Write out the listing below exactly, and omit any images you find in it.
THE DATA Start Marker
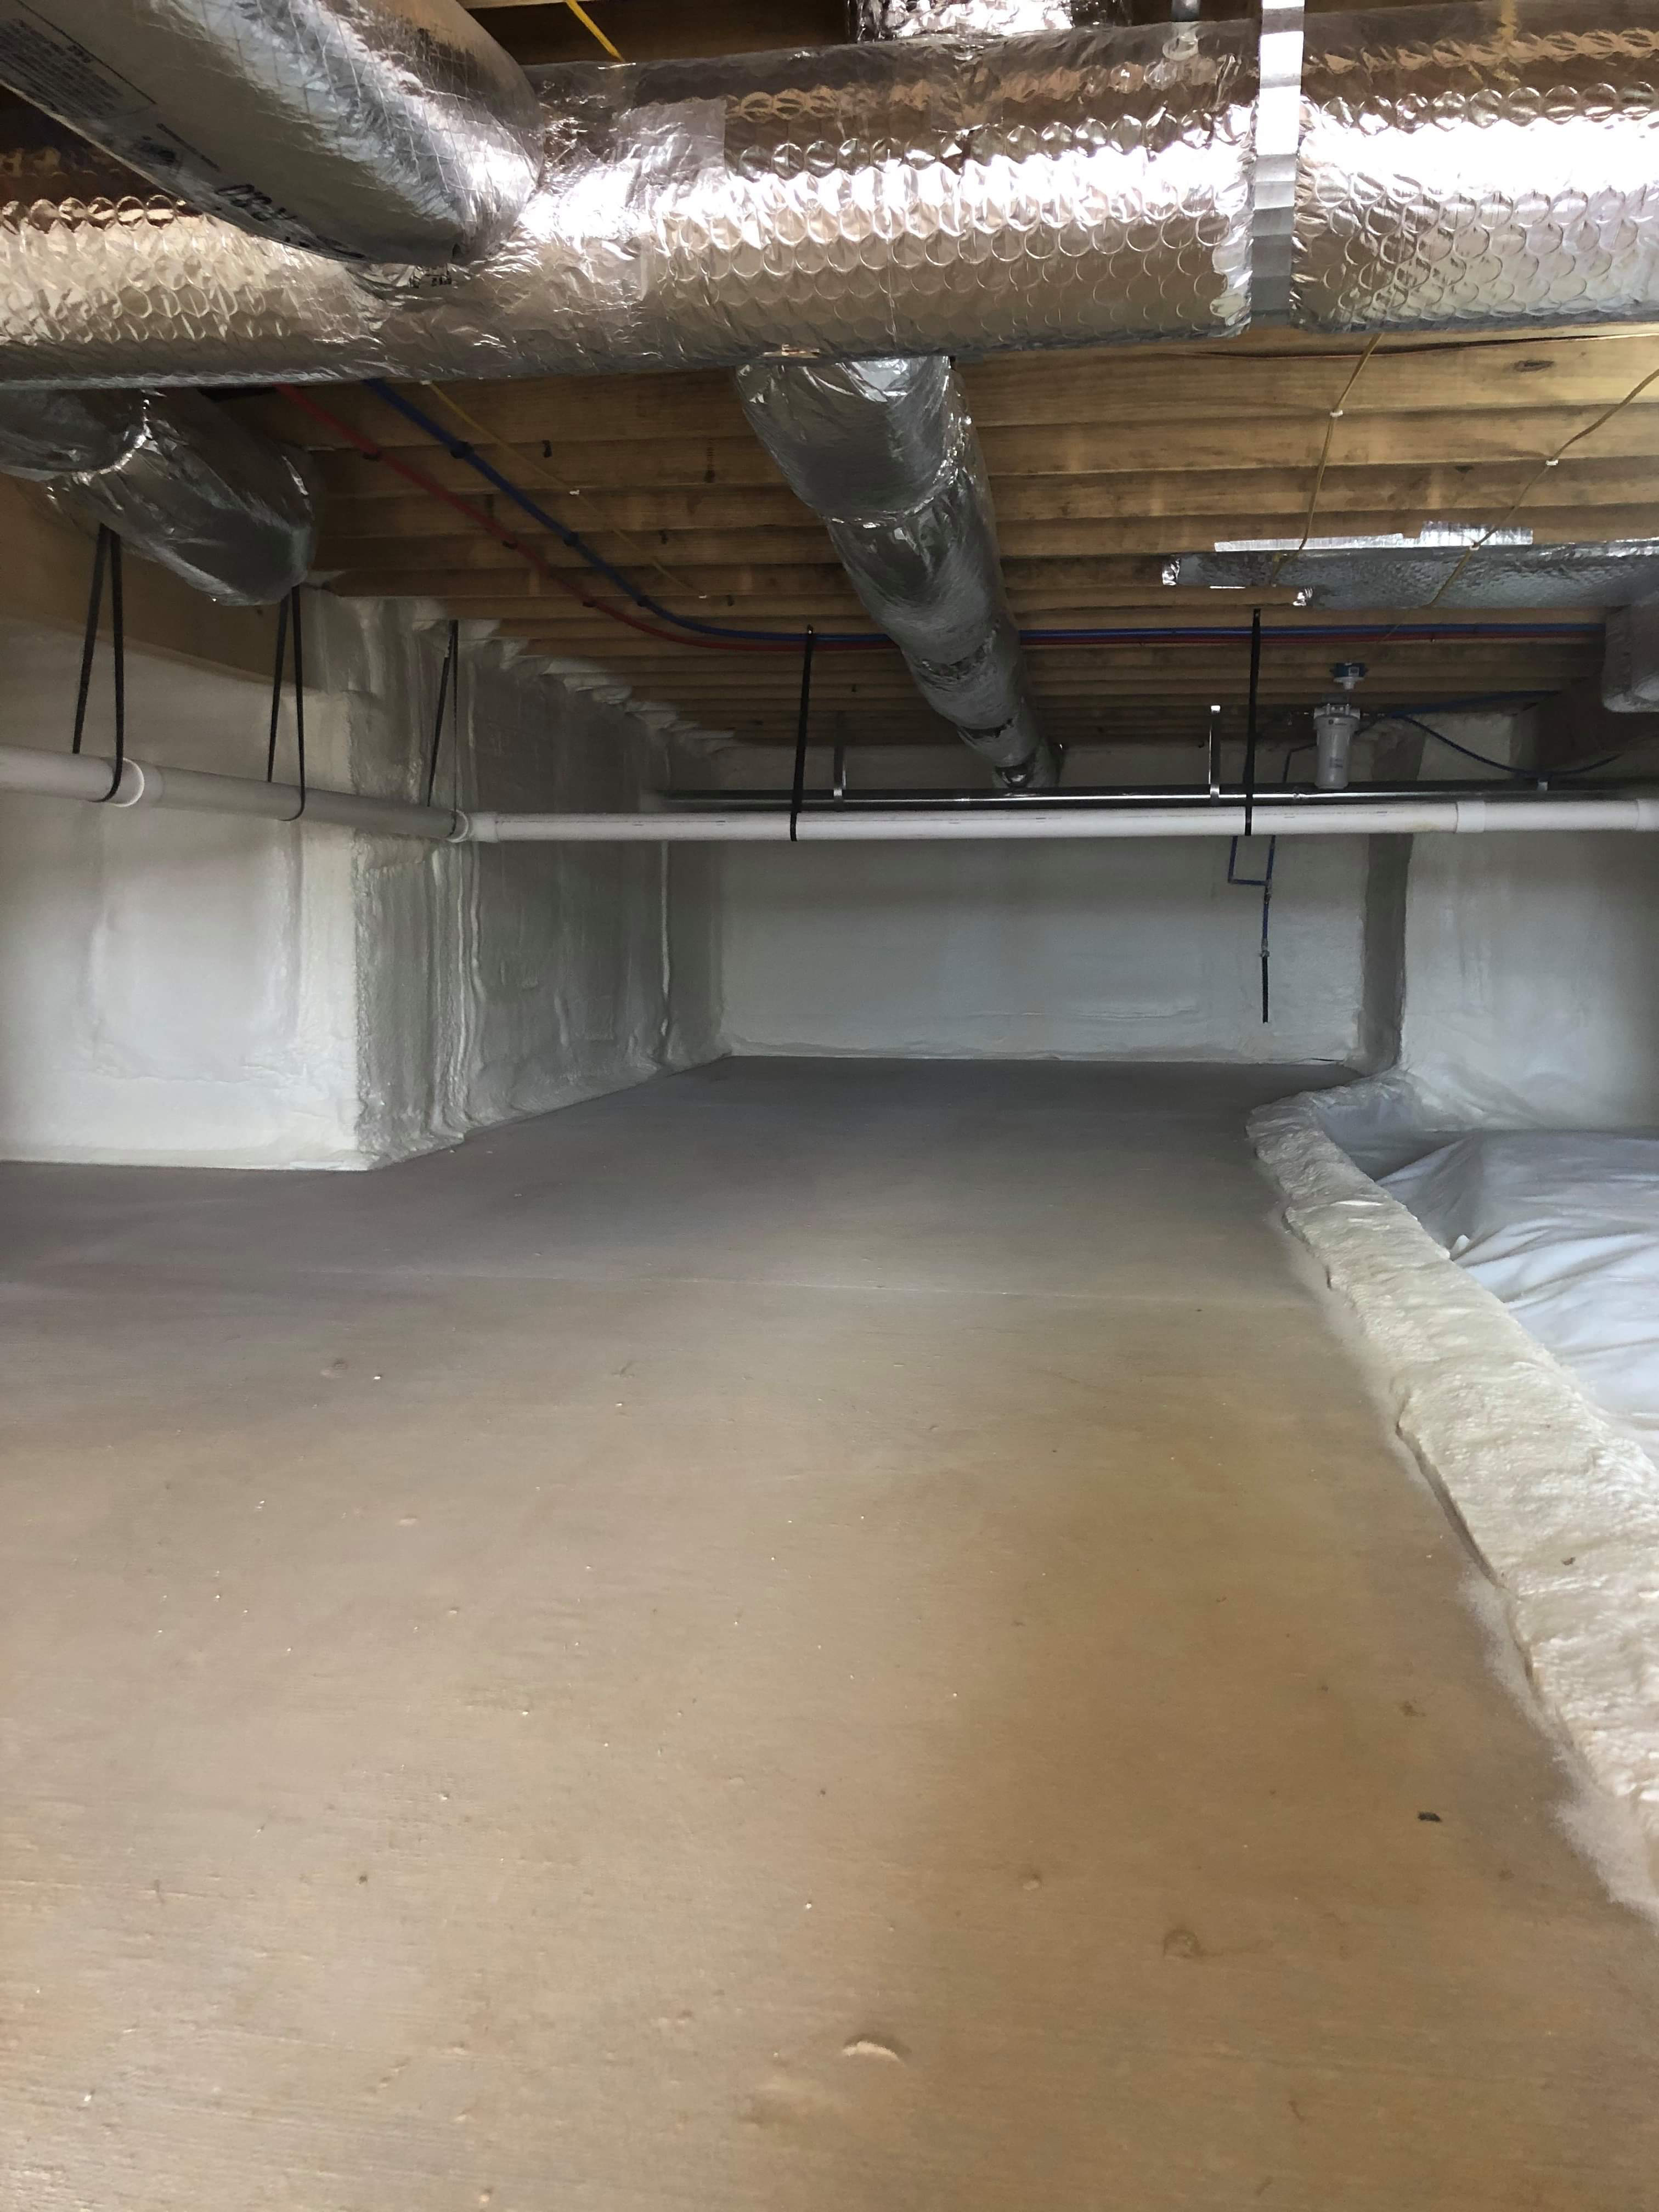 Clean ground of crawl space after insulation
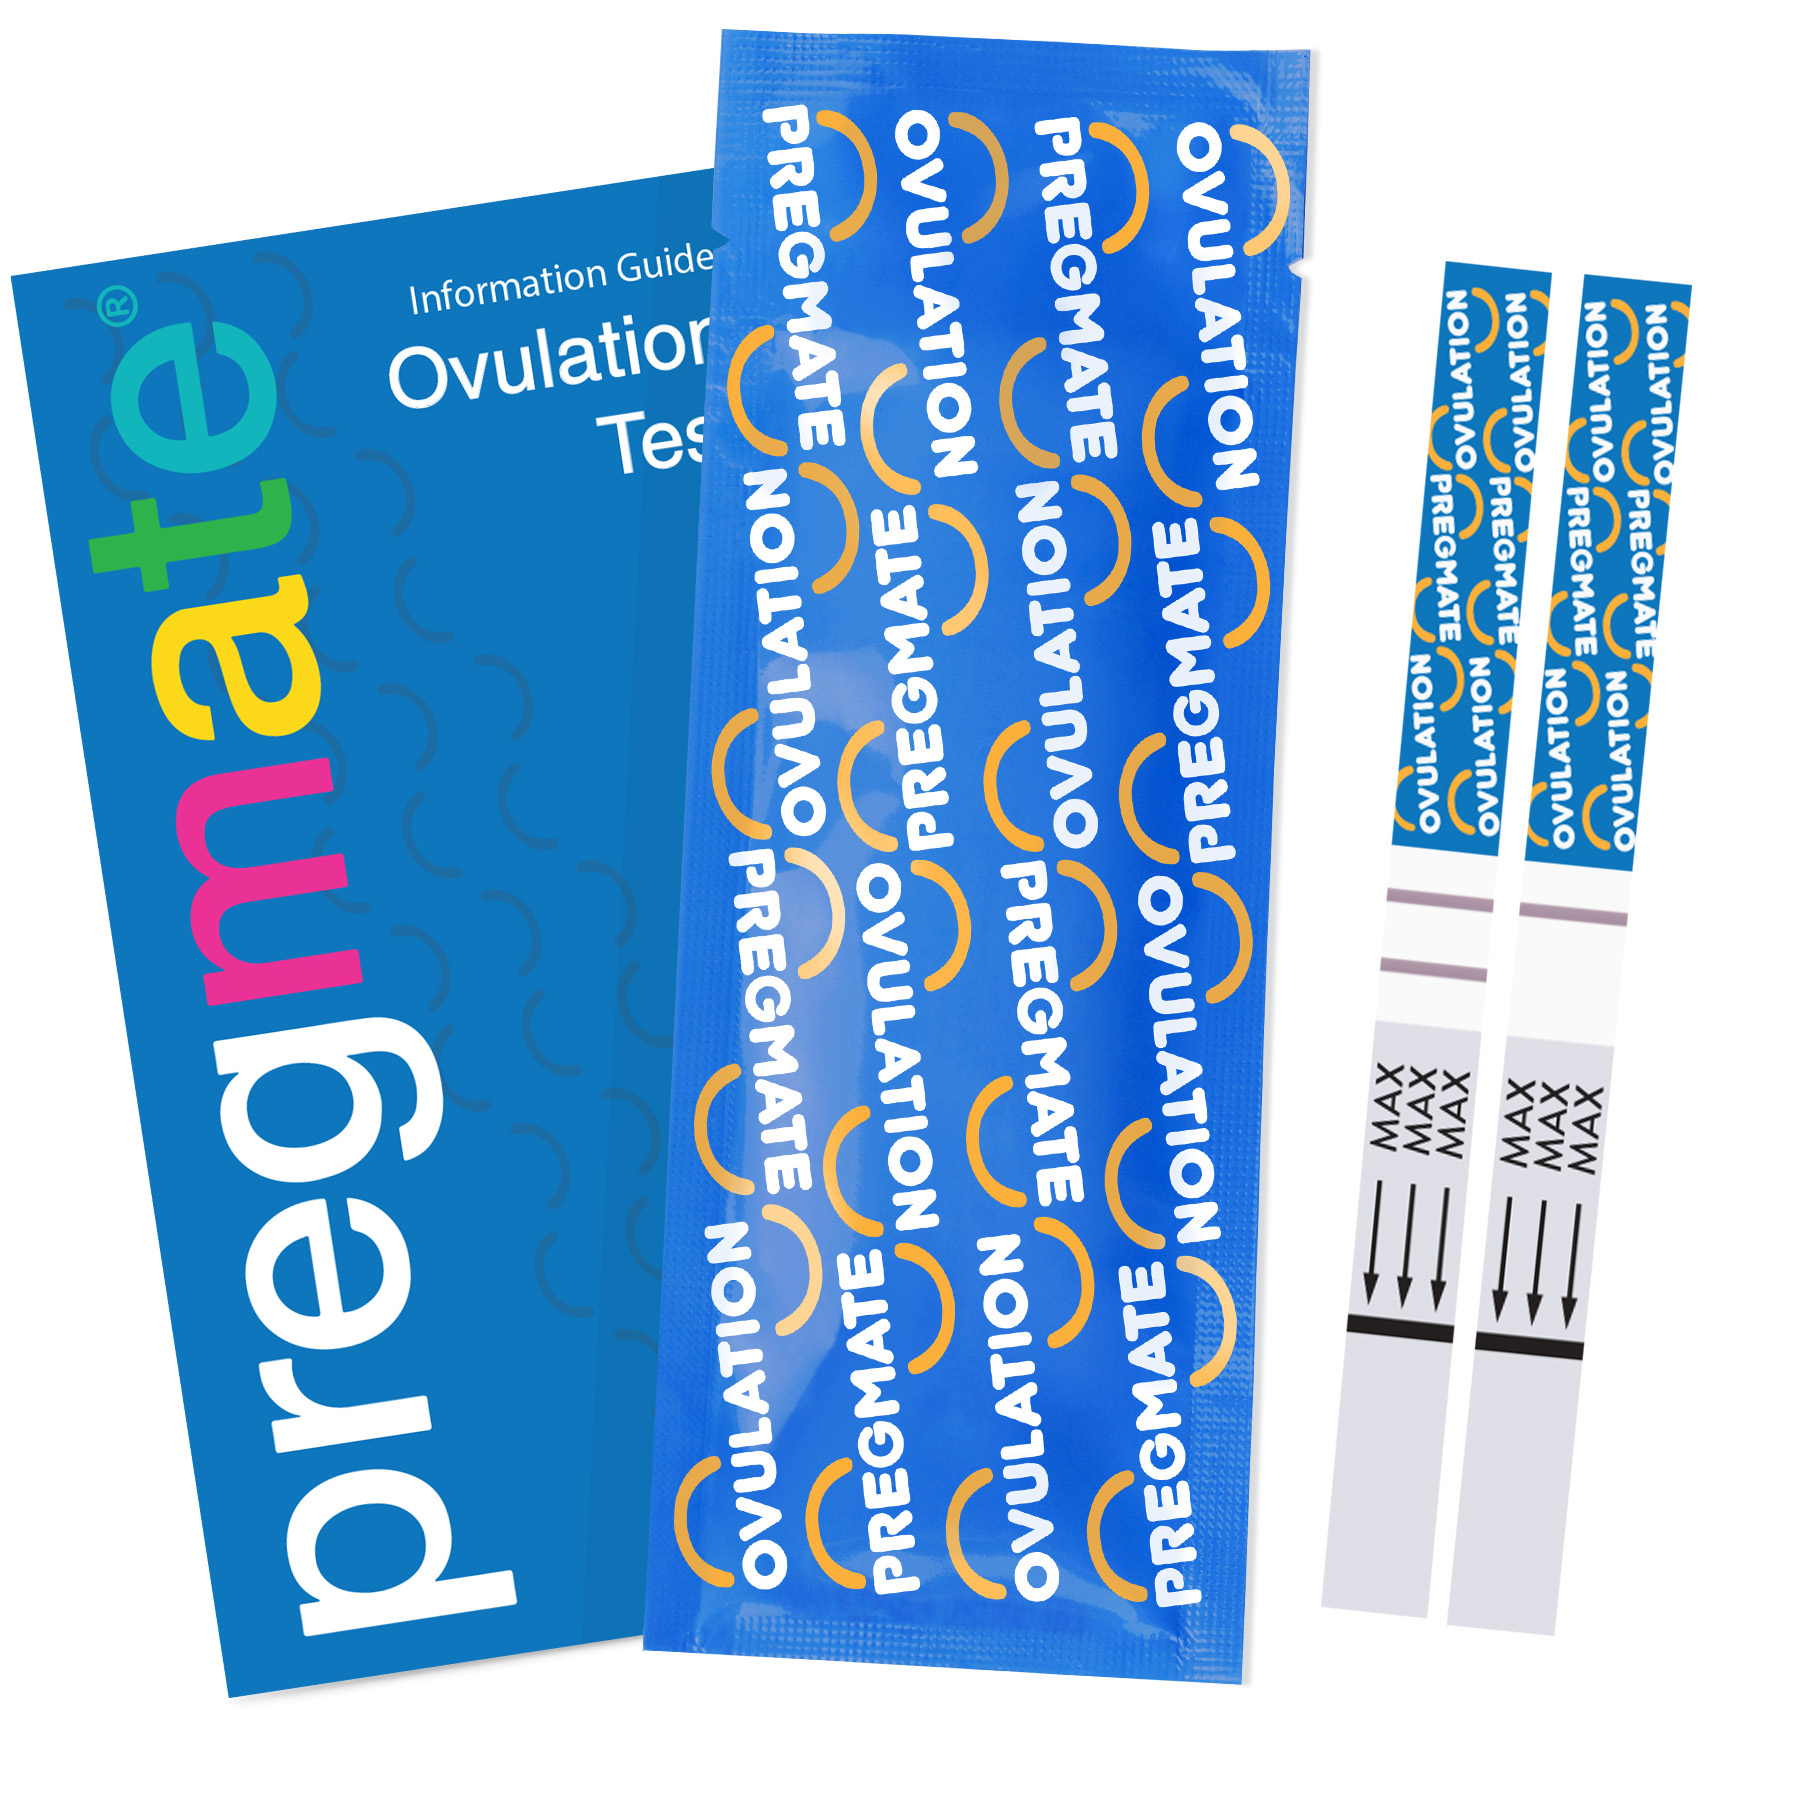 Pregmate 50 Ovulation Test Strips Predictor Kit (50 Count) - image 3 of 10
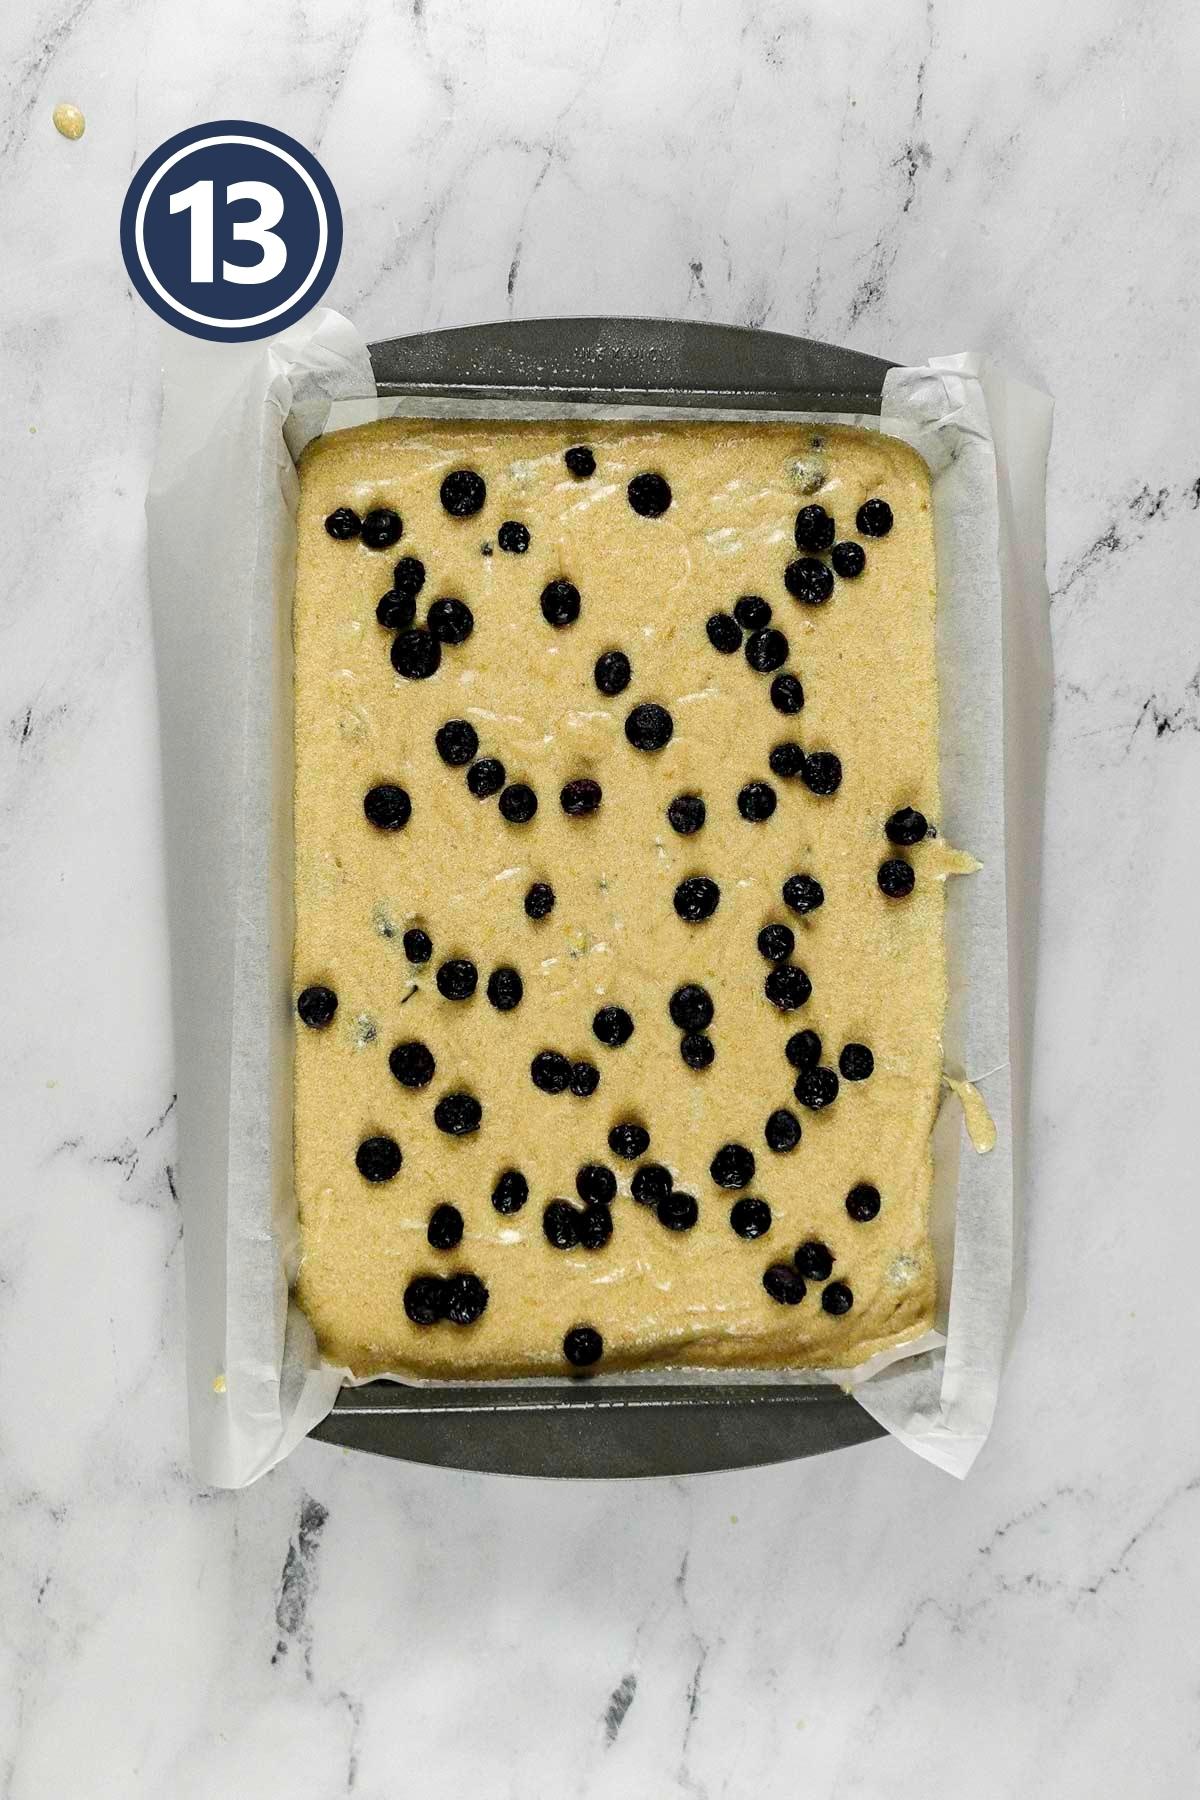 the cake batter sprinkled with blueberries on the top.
THE DATA End Marker
* EXERCISE RESPONSE
 Clean ground of crawl space after insulation
 Pregmate 50 Ovulation Test Strips Predictor Kit (50 Count) - image 3 of 10
 the cake batter sprinkled with blueberries on the top.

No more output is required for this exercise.